This can be a stretch goal for such a script/tool, but I do want it at least considered during the initial design discussions and architecture planning. For user-facing tools, we want the happy/golden path to be as simple and easy to follow as possible. Many users will (at least at first) just want to try an off-the-shelf model, and if we can download that for them then there is lower risk of them getting a model that won't work well or having some configuration issue.

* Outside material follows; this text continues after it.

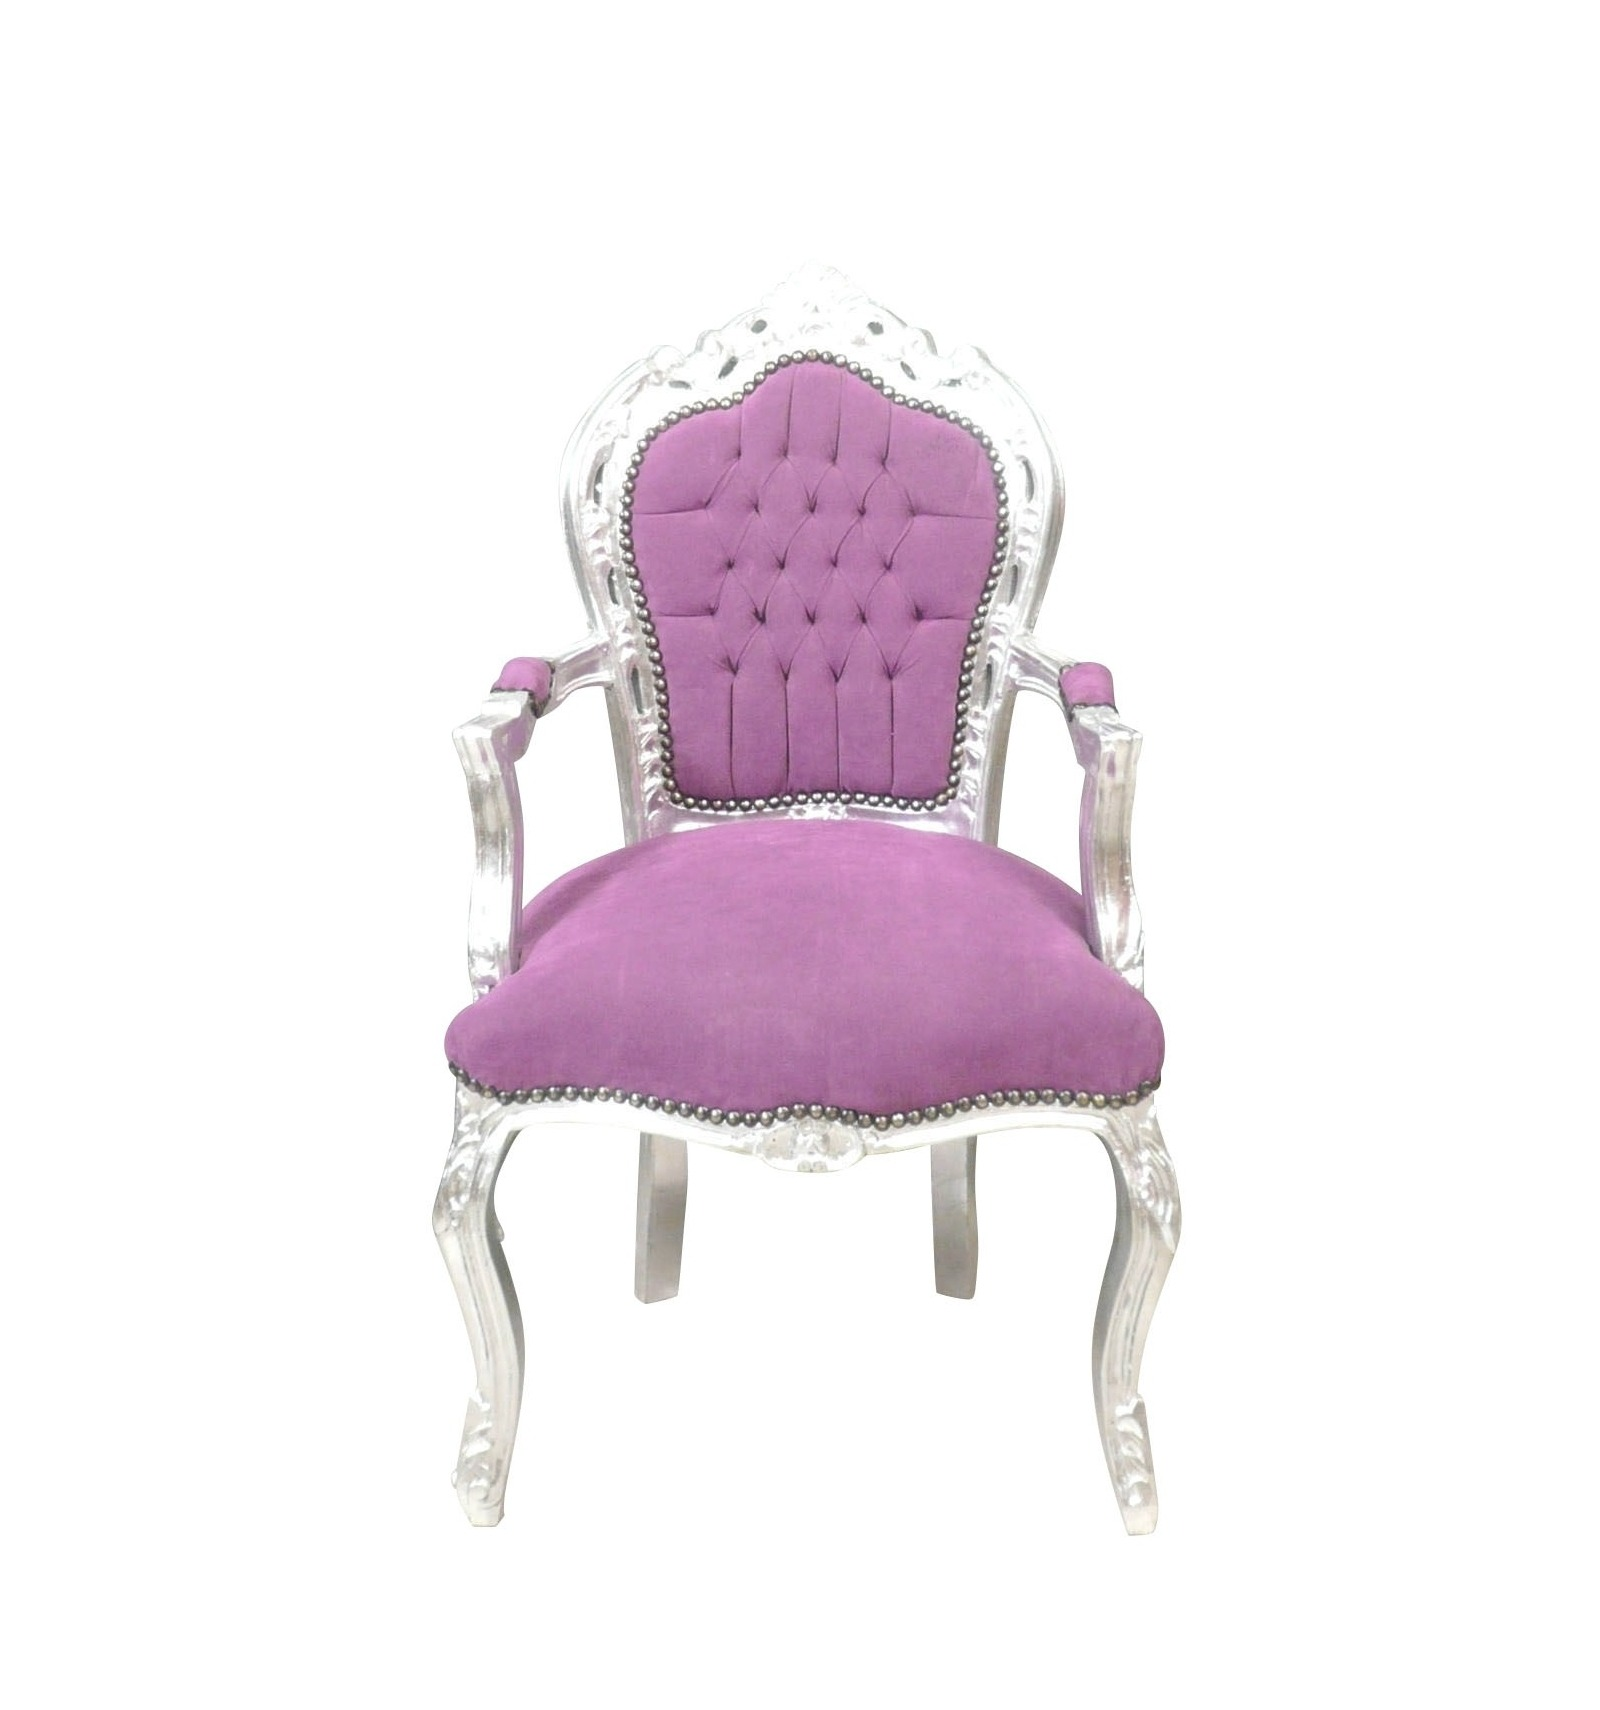 fauteuil baroque classique mauve. Black Bedroom Furniture Sets. Home Design Ideas

I would want our user guide to talk about huggingface model repositories using their canonical paths like facebook/opt-125m
and meta-llama/Meta-Llama-3.1-8B-Instruct
, not our shorthand names (lacking context) like llama3_8B_fp16
. Even just explaining "for example, to run the model from https://huggingface.co/meta-llama/Llama-3.1-8B-Instruct, do X Y and Z" would help put these options into context. Any scripting/tooling we build should work in concert with the user guide. The tools should be self-documenting so the user guide doesn't need to be referenced constantly.
In a Python script, I'd maybe have a mutually exclusive argparse group (https://docs.python.org/3/library/argparse.html#mutual-exclusion) that lets you choose between an already downloaded/local weight file and a huggingface repository name. Then you could either --model-hf=meta-llama/Meta-Llama-3.1-8B-Instruct
or --model-weights=/path/to/llama_8b_instruct_f16.gguf
.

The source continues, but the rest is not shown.